The ASSIST is a commercially available infrared spectroradiometer designed for automated ground-based downwelling radiance measurements. It essentially consists of a Fourier-transform spectrometer and a radiometric calibration module housed in a field-deployable environmental enclosure. In scripted mode, the ASSIST operates on a repeating view schedule, bracketing sky views (zenith angle) with periodic calibration views (two integrated blackbodies) and recording the associated sequence of interferograms in two complementary detection channels (HgCdTe and InSb). Integrated software processes batches of interferograms in near real-time to produce absolute radiance spectra that are calibrated and corrected for instrument-specific distortions. By default, the primary data output is a time series of discrete and cropped radiance spectra (13 s dwell time per processed spectrum) with a 0.5 cm⁻¹ bin spacing in the 525 to 3300 cm⁻¹ spectral range.

The ASSIST is built for continuous and unattended operation over long periods and in remote locations: in addition to its automated acquisition and processing, it automatically protects itself from precipitation and dust, its infrared detector does not require cooling with cryogens, it has an auto-restart capability, it automatically deletes the oldest raw data as it approaches disk saturation, it can maintain its radiometric performance in a variety of climates and weather conditions, its modular design facilitates maintenance and reduces the need for interventions, and it constantly logs data useful to monitor its status, track changes in the immediate environment, and diagnose potential problems remotely. For these reasons and others, a large and growing number of quality observations have been collected by field-deployed ASSIST instruments.

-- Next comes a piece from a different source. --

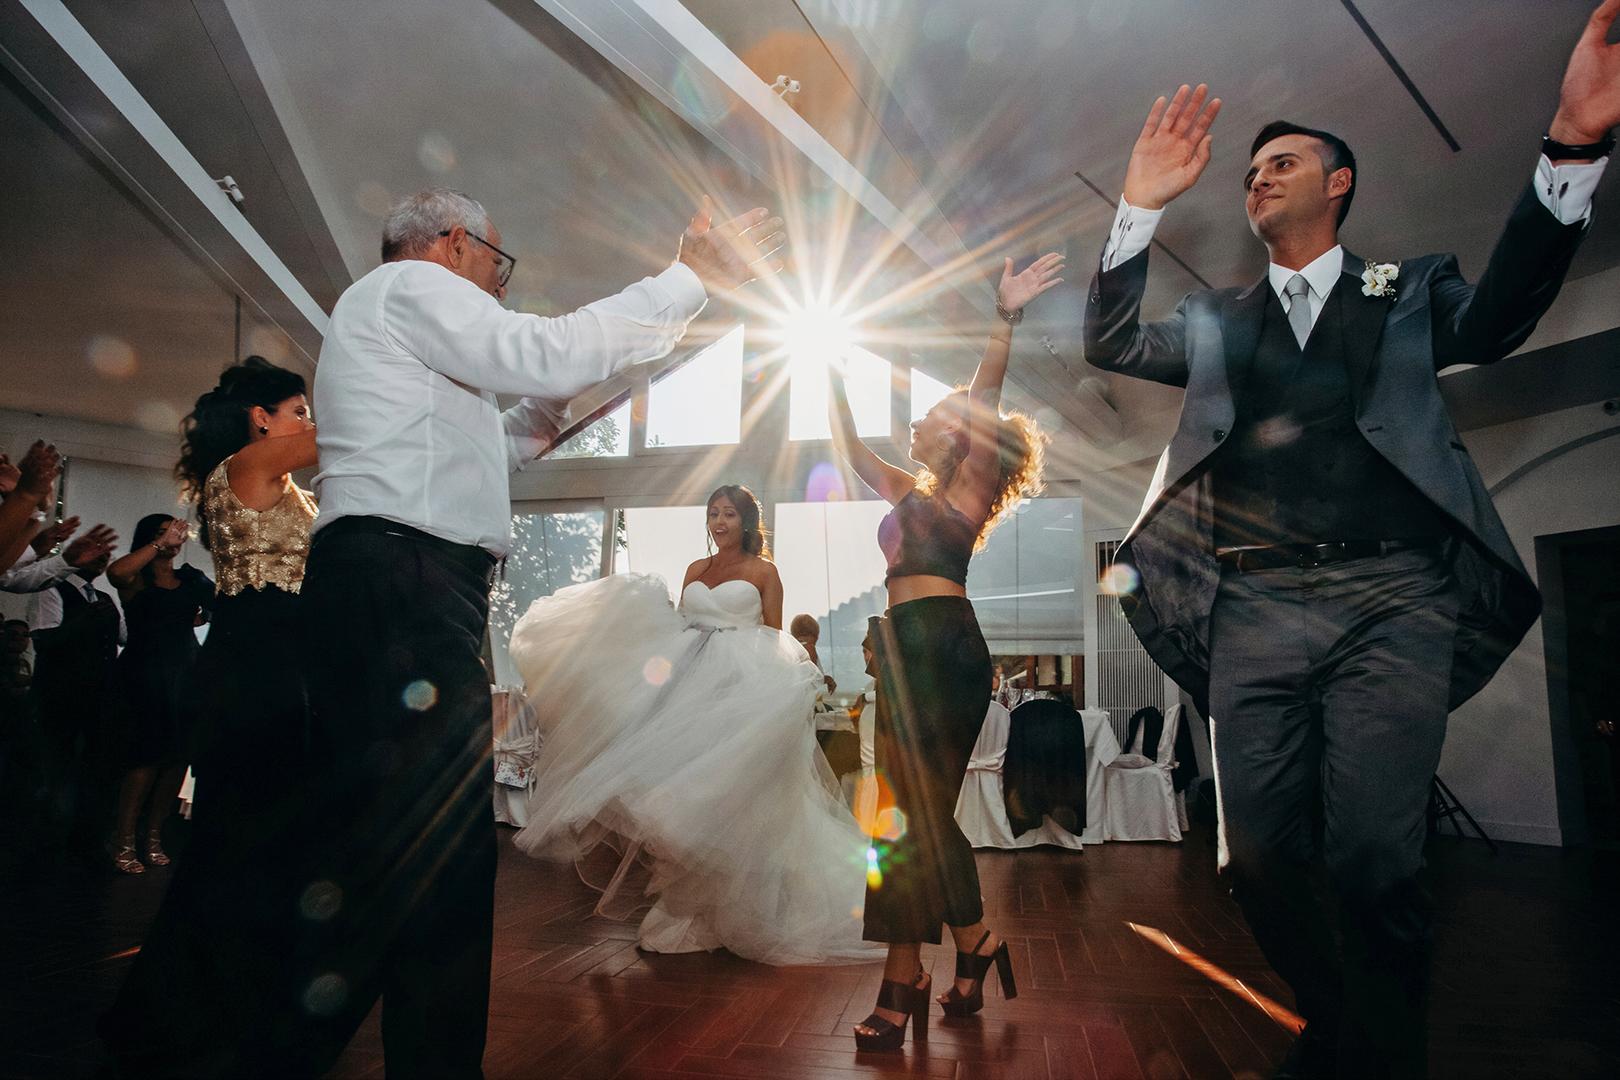 55 gianni-lepore-sala-ricevimento-festa-balli

At the time of writing, several improvements are being considered based on feedback from end users and analyses of maintenance and service cases. On the hardware side, these include a new precipitation sensor based on optical detection and counting of falling hydrometeors, a systematic integration of an uninterruptible power supply (UPS) to the electrical interface, and better solar radiation shielding of the mast sensor to minimize solar bias. Several improvements to the routine processing are also under evaluation, for instance the correction of in-band low-responsivity bins caused by internal air absorption (Rowe et al., 2011a), better correction of the ILS associated with a chromatic and nonrectangular FOV (Desbiens et al., 2006a), pre-correction of electrical dispersion, and better estimation of the ZPD amplitude for the NLC (Lachance and Rochette, 2000).

A follow-up paper is under preparation to describe the spectro-radiometric performances of the ASSIST under different operating conditions, including an intercomparison of several co-located ASSIST units.